StepAwayFromTheEcclesCakes · 13/09/2014 18:14

when my DS1 was younger and a total utter nightmare DH was out in the car with him and he decided to jump out with no shoes on and run off, DH stopped the car, went after him and bundled him back in to bring him home... 10 mins later police were at the door checking us out, someone had seen DH getting DS into the car and rang so they traced the car numberplate, I was Shock as it was all ok but really happy that someone cared enough to report.

mommy2ash · 13/09/2014 19:05

you did the right thing. if everybody ignored these suspicions who would be around to help children when they need it.

last week there was a little girl about three walking up and down my street which is next to a busy road alone for over 15 minutes. I went out and asked her where her mummy was and she ran away screaming into a garden a good bit down the road and her granny yelled up at me what's wrong with you talking to strange children. I shouted back sorry was just checking she was ok but was really biting my tongue.

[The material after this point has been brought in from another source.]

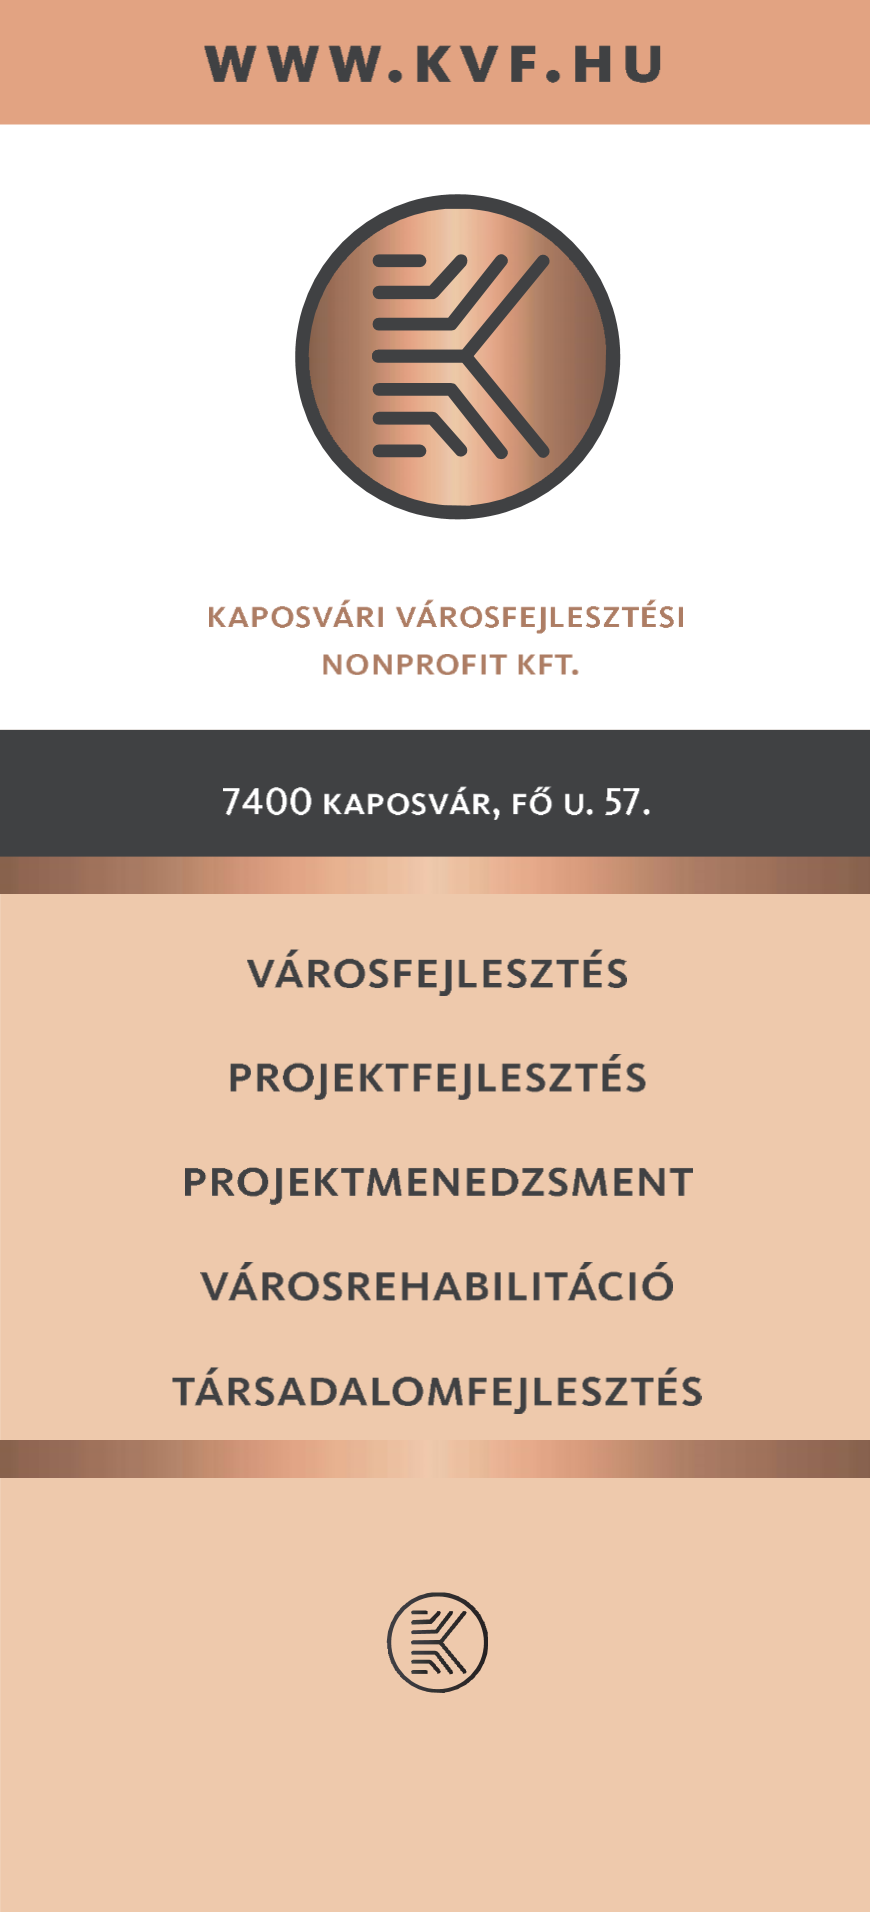 Kaposvári Városfejlesztési Nonprofit Kft.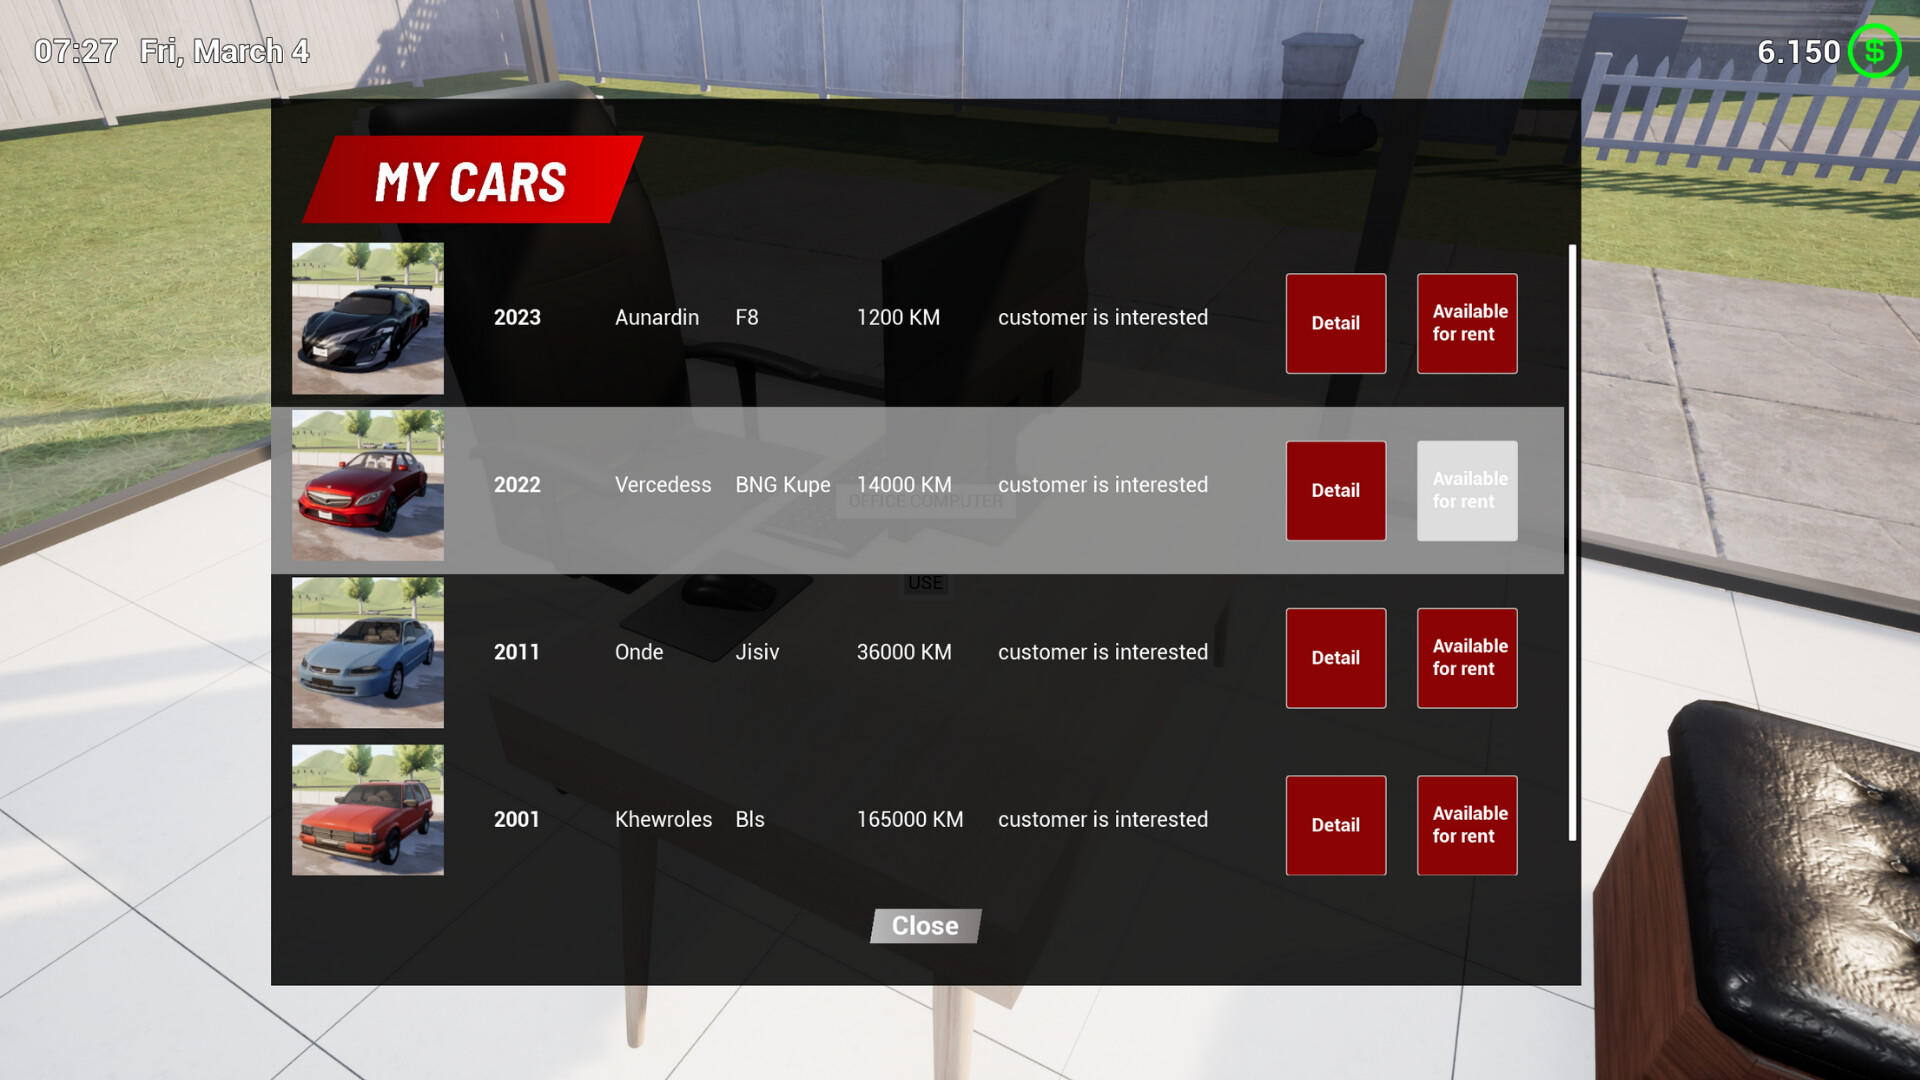 Rent A Car Simulator 24 screenshot game

my mum wants us to bring my niece on holidays with us. she is 18 months. I joked we would never be allowed out of the country with her cos all she says is no no no no no no no mama nana over and over they will think we are kidnapping her lol

RevoltingPeasant · 13/09/2014 19:06

Hmm I wonder if all the people who are shocked at the man's response are men or women.

Because I'm guessing men experience a lot more suspicion and funny looks than women. Maybe it gets to some of them.

Also, in some of the examples here, the fathers may not have realised you thought their children were in danger. They may have thought you thought they didn't know how to handle their child and were coming over to give them some well meaning advice, which can be very annoying.

Just chill. You could have been right but you were wrong, and you annoyed someone minding his own business and dealing with a difficult situation.

Purplepoodle · 13/09/2014 19:12

Father was probably very stressed by the tantrum if not a little embarrassed. He probably just snapped

ocelot41 · 13/09/2014 19:20

Yanbu. We are each other's keepers and that's how it should be.

I expect it really sucks if you are just a decent dad dealing with a tantrumming child so I am not surprised he was rude to you. But better to be wrong that way, than not do anything and something happen to a child.

LokiBear · 13/09/2014 19:32

I once saw a little boy sobbing on a grass verge at the zoo. I looked around and couldn't see anyone who looked like a parent so asked him if he was alright and where his mummy was. Queue an annoyed woman, who was stood a way off and behind a sign post, saying 'I'm here' and me feeling like a prat. I apologised to the mum although I knew I'd pissed her off. Her little boy was obviously throwing a tantrum and she was waiting it out. I completely understand her being annoyed with me. I did the right thing though and would do it again. Try not to be annoyed. The dad was having a bad day and just snapped at you. Harsh and unwarranted, but understandable.